Falcons Worried Sanders May Stay With Baseball


If Deion Sanders becomes the New York Yankees’ starting left fielder and fails to report when the Falcons open training camp July 26, he would be required to pay back a significant portion of the $2.01-million signing bonus he received last year.

The Atlanta Falcons aren’t making an issue of it yet, but they are worried “Prime Time” may decide Yankee Stadium is a more glamorous stage on which to perform.

“We’re in competition for Deion’s services,” Jim Hay, Falcons vice president for finance, said. “The indication we get is that he will play football when it’s time.
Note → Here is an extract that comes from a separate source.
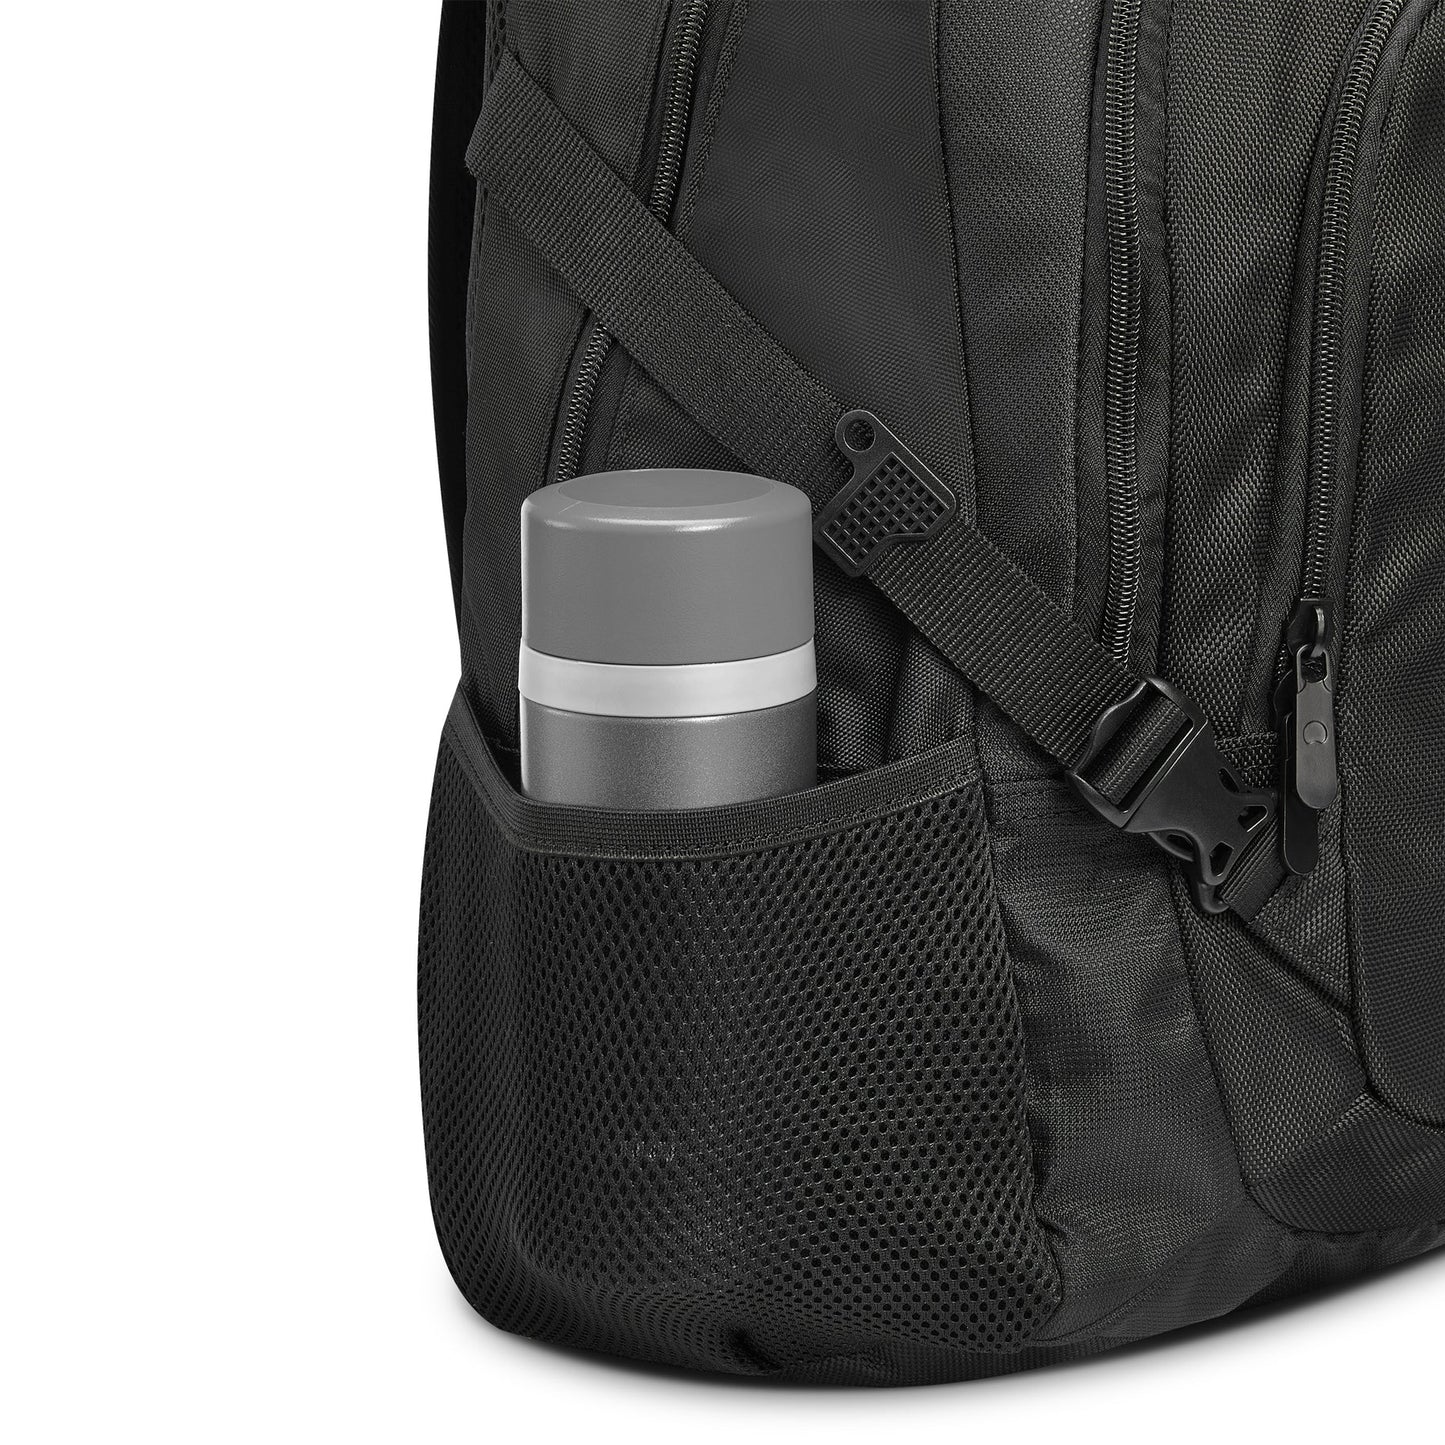 BAG - Backpack (PC Protection 15.6")

But those things change.

“He said one thing when he was sent to Columbus (Ohio). It might change if he’s playing for the Yankees and hitting .340. Yankee Stadium is an intriguing thing. He may look at baseball salaries, and if he projects himself as a big-time player, he might play baseball.”


Yankees Manager Bucky Dent has said Sanders could be called up within the week from Columbus, where he was hitting .357 through last Thursday’s games. The Dave Winfield trade was made, in part, to clear a spot in the lineup for “Neon Deion.”

Yankees Executive Vice President George Bradley, who negotiated Sanders’ baseball contract earlier this year, said the deal reflects a strong commitment to baseball by Sanders.

“Let me put it this way; it’s a weighted contract,” Bradley said. “It’s heavily weighted toward the end of the year. He’s got too much to lose by leaving. If he’s not in the major leagues (on July 26), he has a right to leave, but I’m not certain he would do it even then. There are not only financial reasons for him to stay but also a lot of long-term stuff.”

Sanders’ four-year package with the Falcons is worth $4.41 million. If he remains with the Yankees, it’s likely Sanders would have to refund a prorated portion of the signing bonus--$500,000 for each year in which he fails to play a full season--but Hay declined to specify how much Sanders would owe.

The Falcons are hoping to avoid a situation similar to that of Bo Jackson, who plays a full baseball season with the Royals and then takes his place in the Raiders’ backfield in late October.